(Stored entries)
>>>
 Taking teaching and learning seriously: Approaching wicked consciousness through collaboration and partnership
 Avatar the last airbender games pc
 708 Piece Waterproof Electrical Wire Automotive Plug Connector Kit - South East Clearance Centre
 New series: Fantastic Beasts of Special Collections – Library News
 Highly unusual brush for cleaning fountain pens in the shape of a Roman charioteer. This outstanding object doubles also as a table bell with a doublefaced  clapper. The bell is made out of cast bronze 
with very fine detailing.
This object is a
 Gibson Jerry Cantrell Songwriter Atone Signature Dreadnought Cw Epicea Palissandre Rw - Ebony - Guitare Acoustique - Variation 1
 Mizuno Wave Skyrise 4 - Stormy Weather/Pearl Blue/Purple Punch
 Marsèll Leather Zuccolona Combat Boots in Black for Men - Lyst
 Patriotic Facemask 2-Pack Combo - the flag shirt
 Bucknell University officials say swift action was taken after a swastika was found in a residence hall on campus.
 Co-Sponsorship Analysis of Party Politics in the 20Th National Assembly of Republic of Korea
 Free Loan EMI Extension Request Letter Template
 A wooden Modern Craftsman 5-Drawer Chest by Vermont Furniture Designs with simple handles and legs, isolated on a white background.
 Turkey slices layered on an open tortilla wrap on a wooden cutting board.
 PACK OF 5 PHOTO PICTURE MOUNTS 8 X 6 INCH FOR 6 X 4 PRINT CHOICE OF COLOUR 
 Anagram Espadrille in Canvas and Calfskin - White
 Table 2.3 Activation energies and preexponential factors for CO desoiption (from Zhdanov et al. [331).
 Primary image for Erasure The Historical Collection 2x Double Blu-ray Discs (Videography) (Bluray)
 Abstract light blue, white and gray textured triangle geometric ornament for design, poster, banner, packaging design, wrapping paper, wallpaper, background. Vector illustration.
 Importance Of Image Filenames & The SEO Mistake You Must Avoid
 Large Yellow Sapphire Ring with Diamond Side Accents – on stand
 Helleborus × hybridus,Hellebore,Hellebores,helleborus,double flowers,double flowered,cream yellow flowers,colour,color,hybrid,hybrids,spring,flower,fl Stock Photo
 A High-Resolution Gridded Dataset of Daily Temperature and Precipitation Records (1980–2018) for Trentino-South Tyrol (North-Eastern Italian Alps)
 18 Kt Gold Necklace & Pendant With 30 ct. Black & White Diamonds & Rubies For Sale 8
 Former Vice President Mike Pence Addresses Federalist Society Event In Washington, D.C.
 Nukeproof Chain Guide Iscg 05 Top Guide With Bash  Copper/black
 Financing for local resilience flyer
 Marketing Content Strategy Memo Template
<<<
■ Instructions to follow ■
Transcribe, exactly and without additions, the lines of the records above, beginning with the line that contains "New series: Fantastic" and ending with the line that contains "Primary image for", both included.

■ Output below ■
 New series: Fantastic Beasts of Special Collections – Library News
 Highly unusual brush for cleaning fountain pens in the shape of a Roman charioteer. This outstanding object doubles also as a table bell with a doublefaced  clapper. The bell is made out of cast bronze 
with very fine detailing.
This object is a
 Gibson Jerry Cantrell Songwriter Atone Signature Dreadnought Cw Epicea Palissandre Rw - Ebony - Guitare Acoustique - Variation 1
 Mizuno Wave Skyrise 4 - Stormy Weather/Pearl Blue/Purple Punch
 Marsèll Leather Zuccolona Combat Boots in Black for Men - Lyst
 Patriotic Facemask 2-Pack Combo - the flag shirt
 Bucknell University officials say swift action was taken after a swastika was found in a residence hall on campus.
 Co-Sponsorship Analysis of Party Politics in the 20Th National Assembly of Republic of Korea
 Free Loan EMI Extension Request Letter Template
 A wooden Modern Craftsman 5-Drawer Chest by Vermont Furniture Designs with simple handles and legs, isolated on a white background.
 Turkey slices layered on an open tortilla wrap on a wooden cutting board.
 PACK OF 5 PHOTO PICTURE MOUNTS 8 X 6 INCH FOR 6 X 4 PRINT CHOICE OF COLOUR 
 Anagram Espadrille in Canvas and Calfskin - White
 Table 2.3 Activation energies and preexponential factors for CO desoiption (from Zhdanov et al. [331).
 Primary image for Erasure The Historical Collection 2x Double Blu-ray Discs (Videography) (Bluray)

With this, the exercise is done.